Me quedé a desayunar y, cuando llegué a Atlantic Avenue, eran casi las once. Pasé cinco horas allí, la mayor parte en la calle y en las tiendas, pero también en una biblioteca y al teléfono. Poco después de las cuatro, caminé un par de manzanas y cogí un autobús para Bay Ridge.

La última vez que lo vi estaba desgreñado y sin afeitar, pero ahora a Kenan Khoury se le veía fresco y atildado, vestido con pantalones de gabardina gris y una camisa de colores apagados. Lo seguí a la cocina y me dijo que su hermano había ido a trabajar a Manhattan esa mañana.

– Petey dijo que se quedaría aquí, que no le importaba el trabajo, pero ¿cuántas veces vamos a tener la misma conversación? Le hice llevar el Toyota para que lo tenga para ir y venir. ¿Qué tal tú, Matt? ¿Tienes algo concreto?

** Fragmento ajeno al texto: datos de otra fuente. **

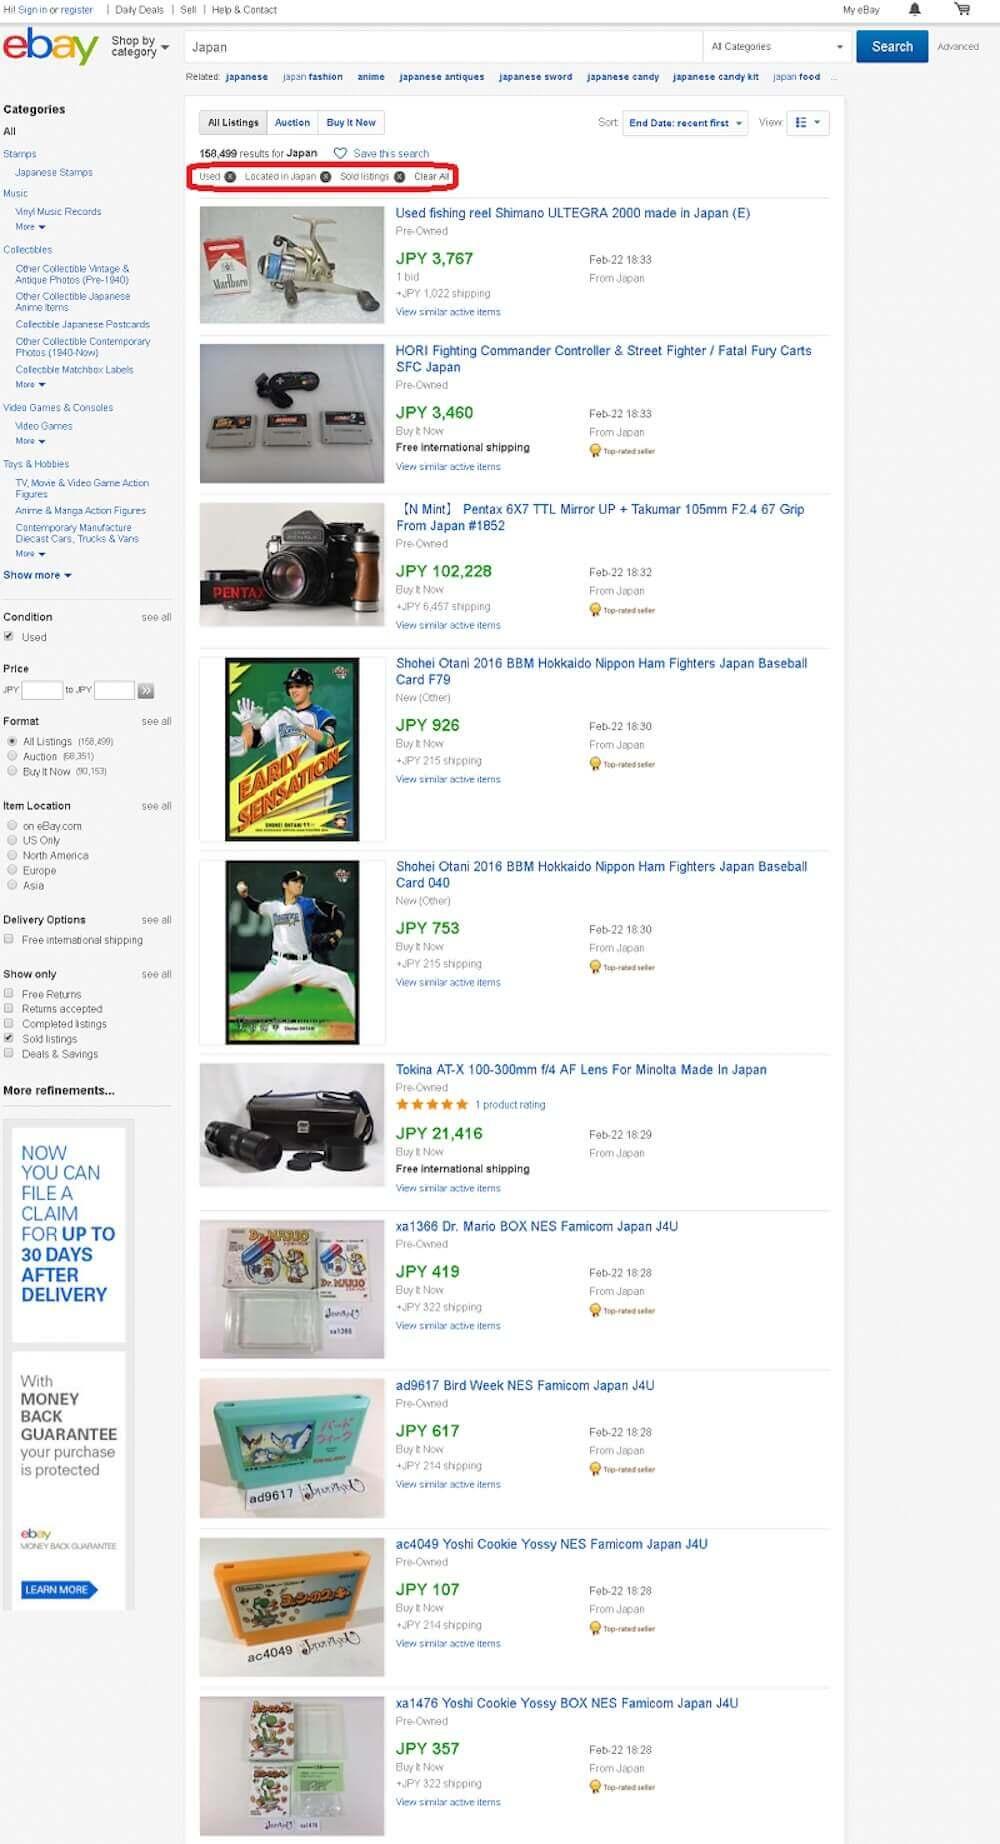 eBay輸出おすすめのリサーチ方法!初心者でも月5万円稼ぐことはかんたん011-2

– Dos hombres, aproximadamente de mi estatura, secuestraron a tu esposa en plena calle, frente a El gourmet árabe, y la metieron en una furgoneta de reparto azul oscuro. Otra furgoneta similar, probablemente la misma, la estaba siguiendo cuando salió de D'Agostino. La furgoneta tenía una inscripción en los costados, letras blancas, según un testigo: «Ventas y servicio TV», con el nombre de la compañía con iniciales indeterminadas. «B & L», «H & M», distintas personas vieron cosas distintas. Dos personas recordaban una dirección en Queens, y una lo recordaba específicamente como Long Island City.

– ¿Existe esa empresa?

– La descripción es lo suficientemente vaga para que haya una docena o más de firmas que coincidan. Un par de iniciales, reparación de televisores, una dirección en Queens. Llamé a seis u ocho empresas y no pude dar con ninguna que tenga furgonetas azul oscuro o que le hubieran robado un vehículo recientemente. Tampoco lo esperaba.

– ¿Por qué no?

– No creo que la furgoneta fuese robada. Lo que supongo es que el jueves por la mañana vigilaron tu casa a la espera de que tu esposa saliera sola. Cuando lo hizo, la siguieron. Probablemente no era la primera vez que la seguían; esperaban la oportunidad de hacer su juego. No iban a robar una furgoneta cada vez y dar vueltas todo el día, expuestos a que apareciera en cualquier momento en la lista de coches robados.